Ignoring pictures, transcribe exactly the lines between the one containing "Pánská kravata Bandi" and the end of the material, both included.
___ Stored data
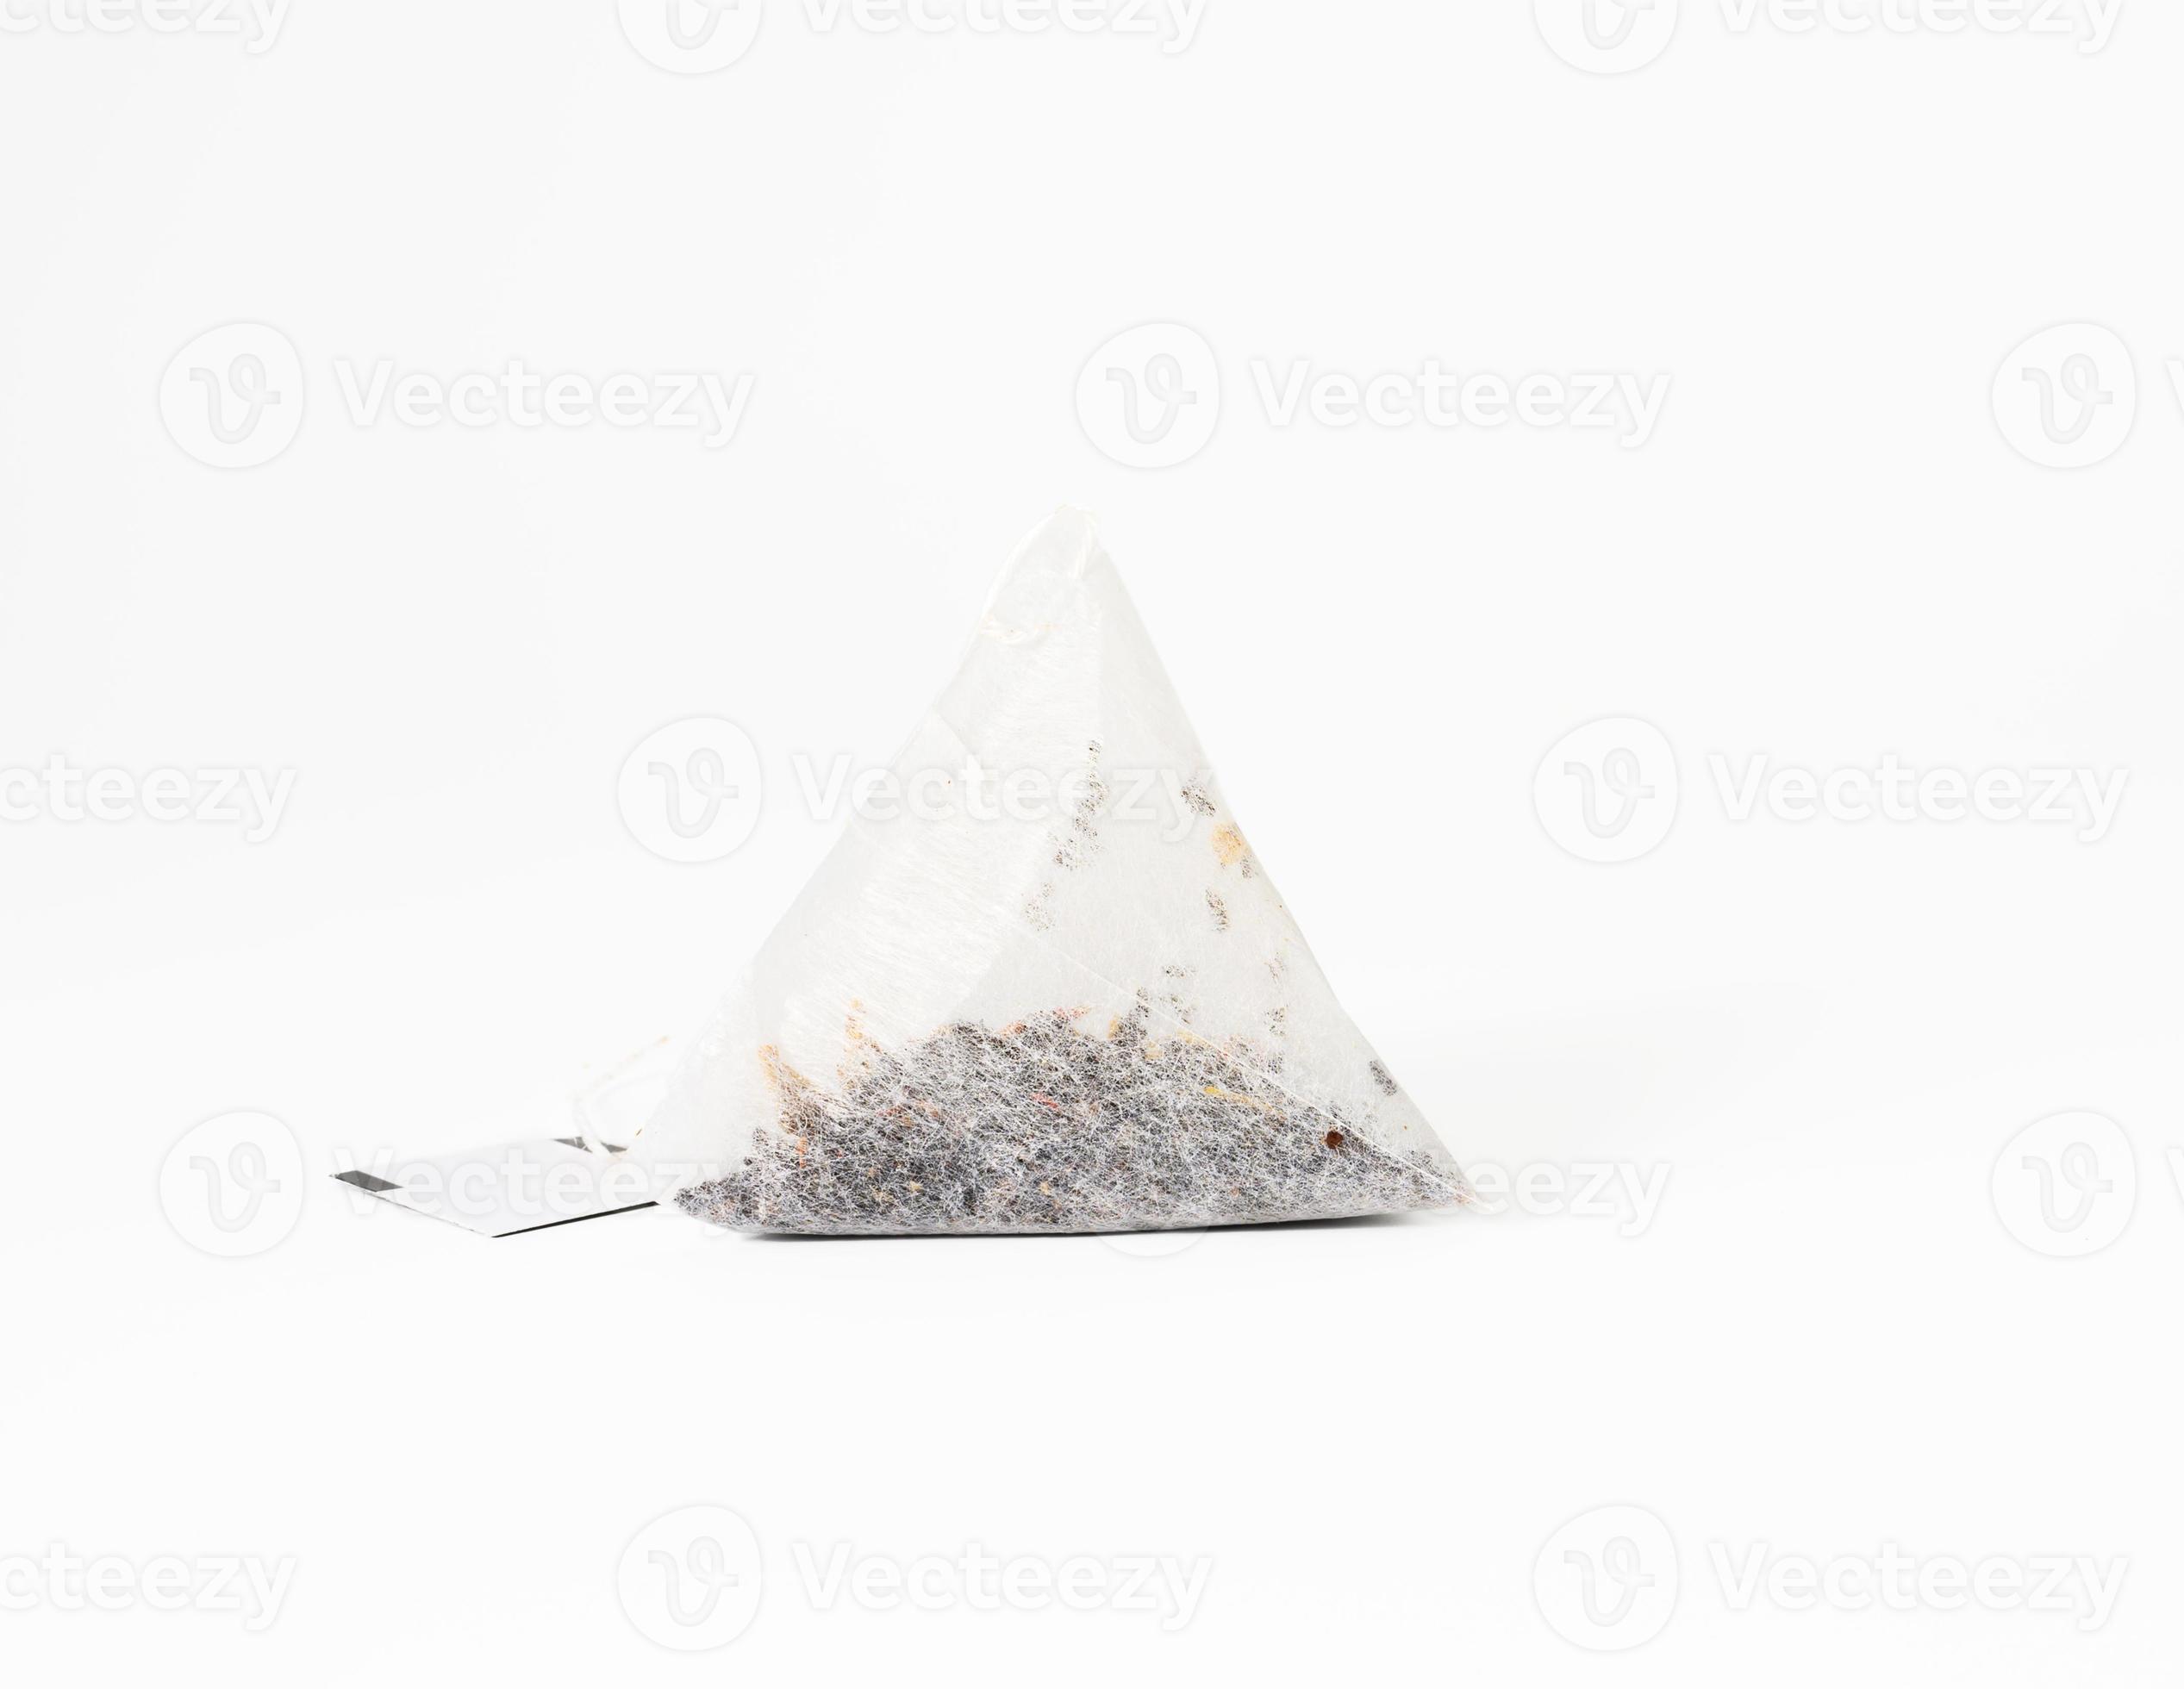 sachet de thé jetable triangulaire sur une corde, fond blanc
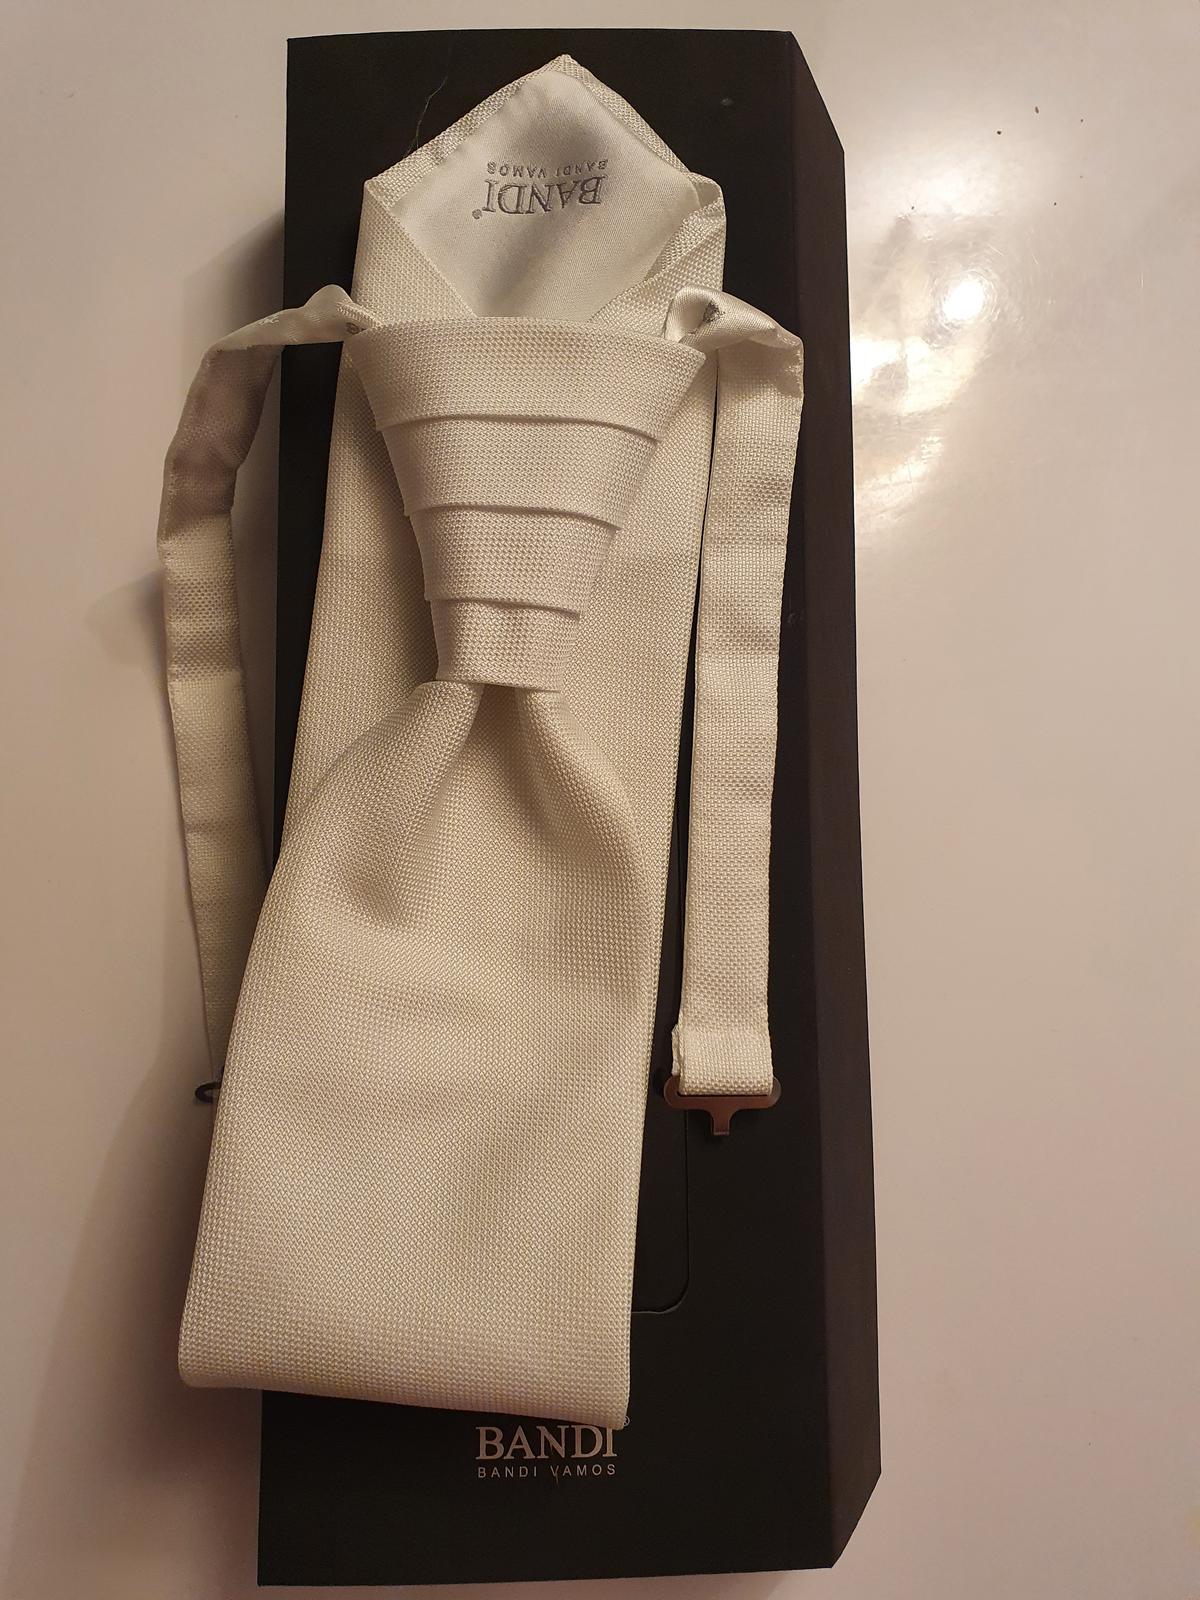 Pánská kravata Bandi + kapesníček - Obrázek č. 1
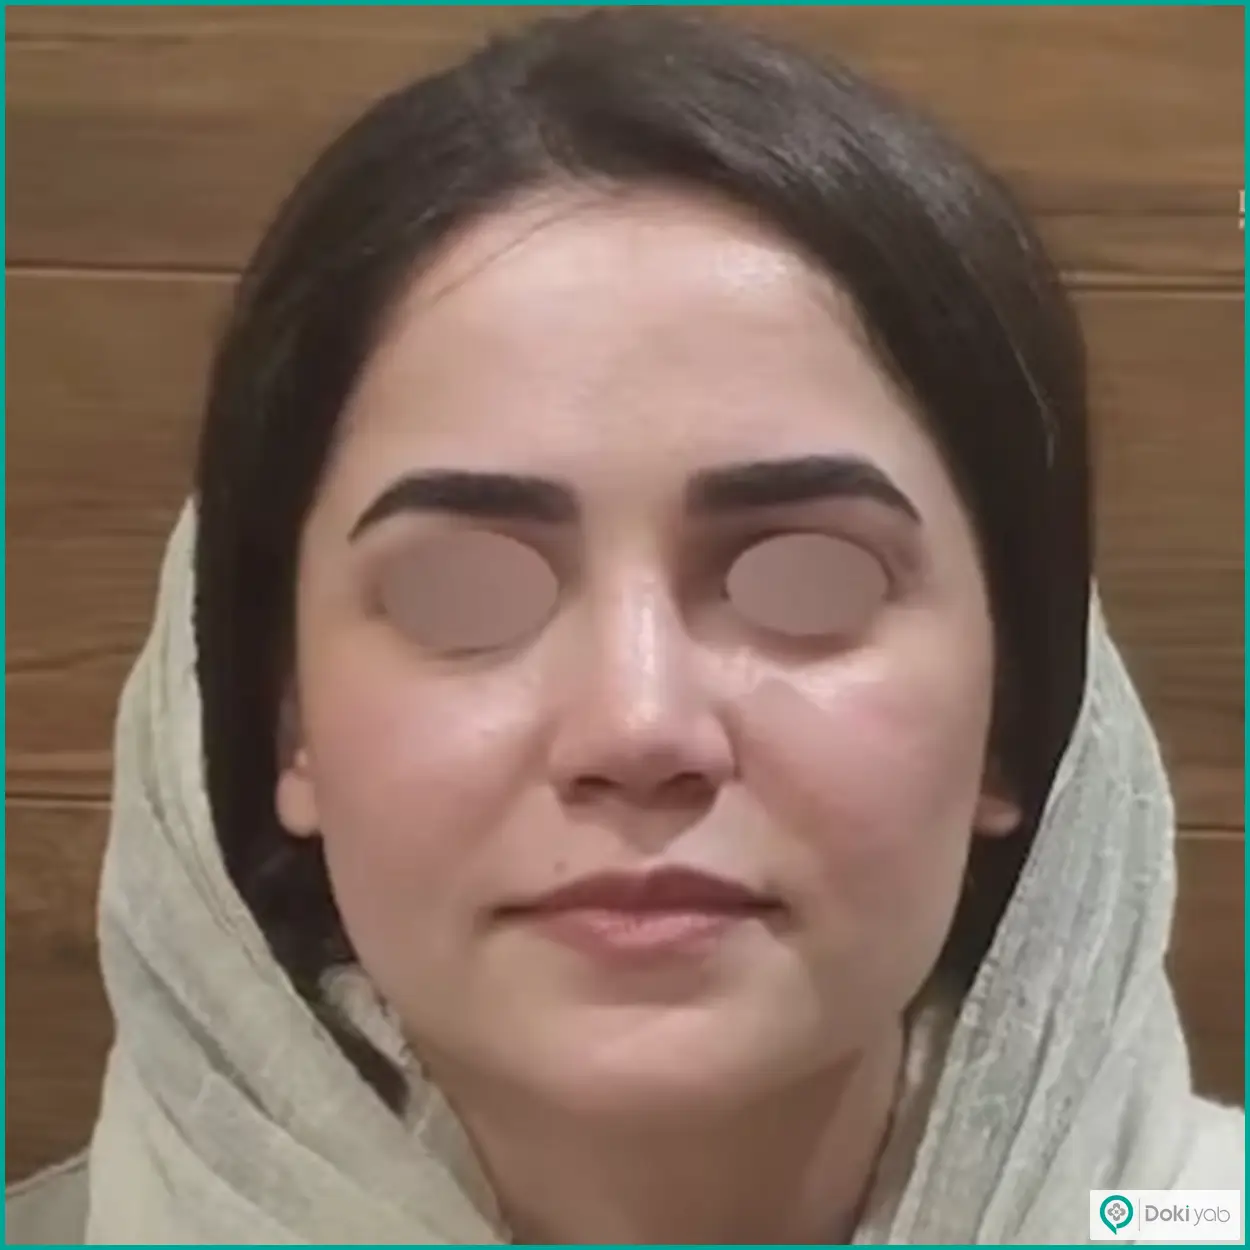 نمونه عمل زیبایی بینی طبیعی دکتر رضا کبودخانی جراح بینی در شیراز
______
Task result »
 Pánská kravata Bandi + kapesníček - Obrázek č. 1
 نمونه عمل زیبایی بینی طبیعی دکتر رضا کبودخانی جراح بینی در شیراز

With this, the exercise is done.